The Department of Art and Art History regards Hunt Gallery as a classroom
offering rich pedagogical experiences to the community. Six or seven
professional exhibitions are scheduled during each academic year, and
MBC student work is shown towards the end of the spring semester and
during May Term.
- Current student work is exhibited regularly throughout
the academic year in Deming Hall. The Deming Alternative Gallery (a hallway
space) is located on the first floor of Deming.
- Many of our studio art graduates become professionally engaged
in the visual arts.
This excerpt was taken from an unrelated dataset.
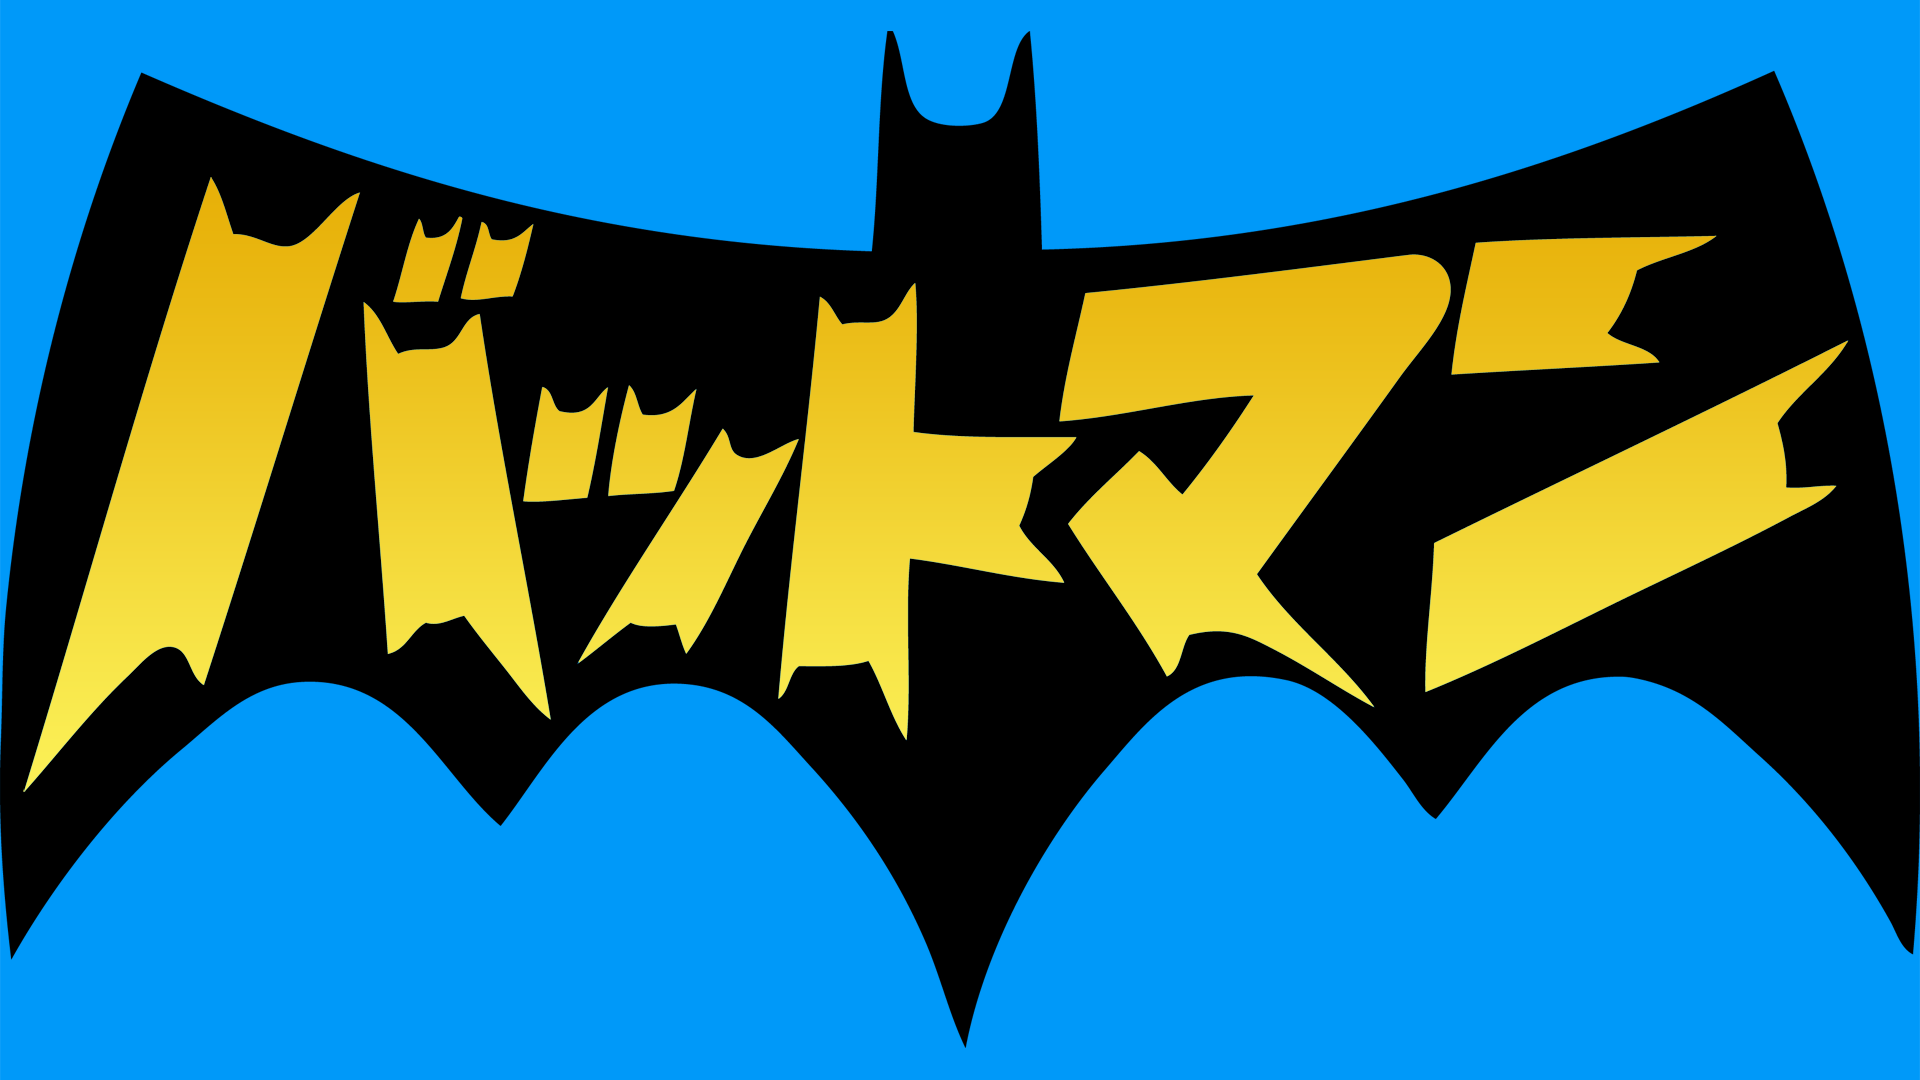 Бэтмен на английском языке. Бэтмен без фона. Batman 1997 logo. Бэтмен на английском. Бэтмен комикс лого.

See the “career ideas” section.
- Students are taught the following skills and practices that are essential
in art but that also apply to other life and career areas:
- perceptual skills
- analytical and critical competence
- technical skills related to specific media
- the importance of process
- creative problem-solving
- various means of artistic conceptualization.
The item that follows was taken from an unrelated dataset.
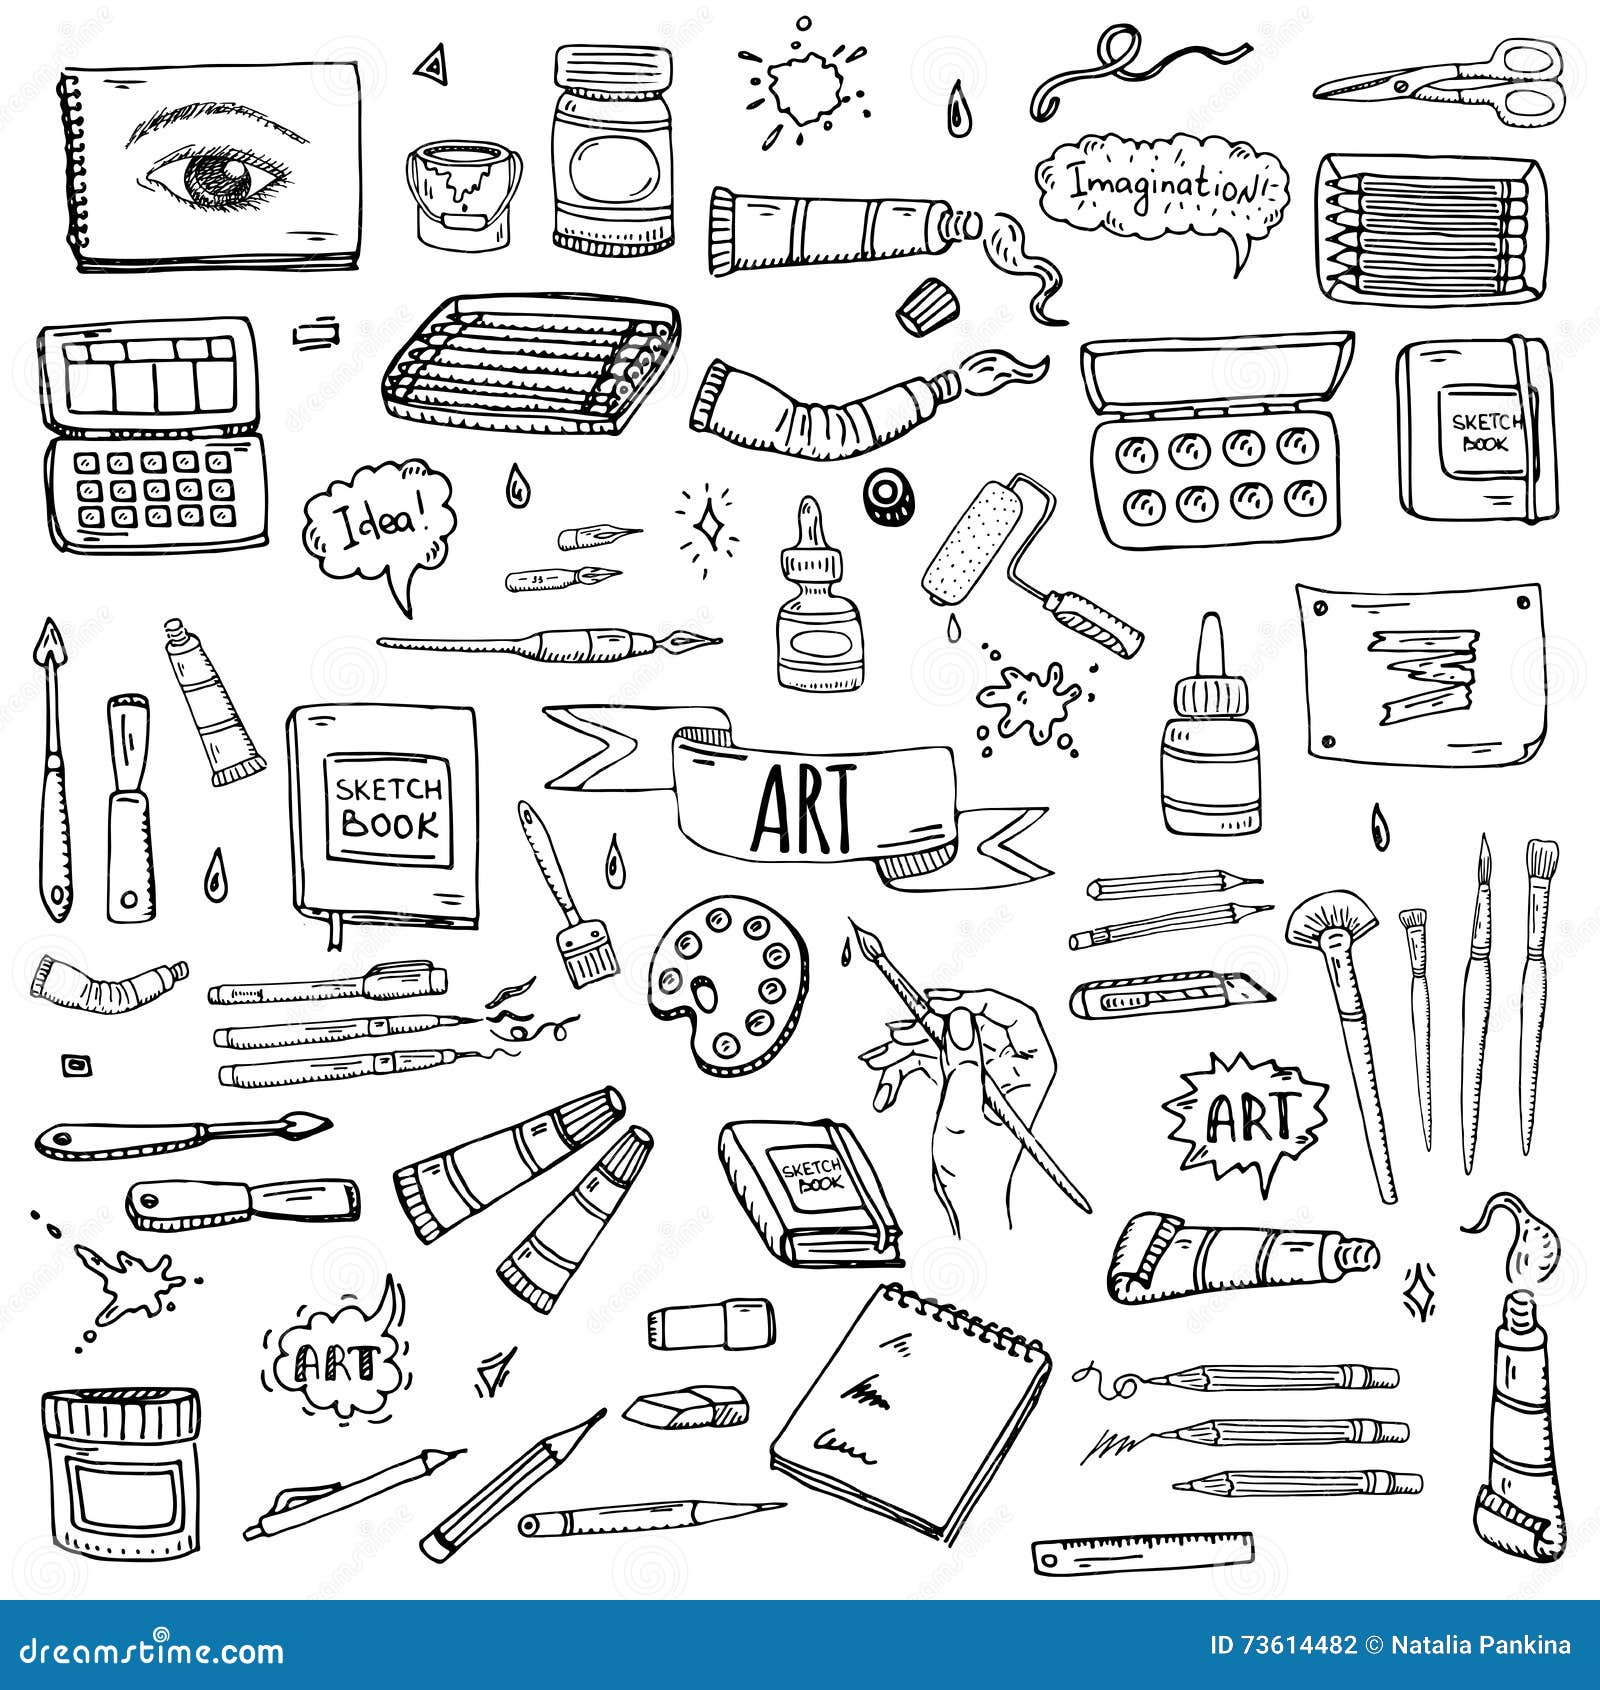 https://thumbs.dreamstime.com/z/art-craft-hand-drawn-doodle-tools-icons-set-vector-illustration-instruments-symbols-collection-cartoon-various-tools-73614482.jpg

- Goals of the studio art major include cultivating informed student-artists
and student-designers who
- embrace the necessity of process
- appreciate the intellectual and practical value of studying art
in the liberal arts context, making interdisciplinary connections;
- analyze and evaluate ideas, making plausible and creative connections,
inferences, and interpretations
- work and think independently
- develop creative and intellectual courage
- comprehend the written word – reading critically; clarifying
and critiquing texts as well as visual work
- make effective oral presentations, using art and design vocabulary
accurately and effectively
- organize time and establish a strong work ethic
- listen carefully; be receptive to criticism
- possess an understanding of important issues in contemporary
art
- respect the importance of the idea of tradition
- respect diverse traditions throughout the history of art
- In 100 and 200 level courses students are taught key elements of the
language of visual form as well as critical thinking, and they explore
various means of conceptualization. Upper-level courses offer opportunities
for individualized experimentation and creative communication — projects
where students construct meaning about themselves and their relationship
to society and culture, and other aspects of the human condition.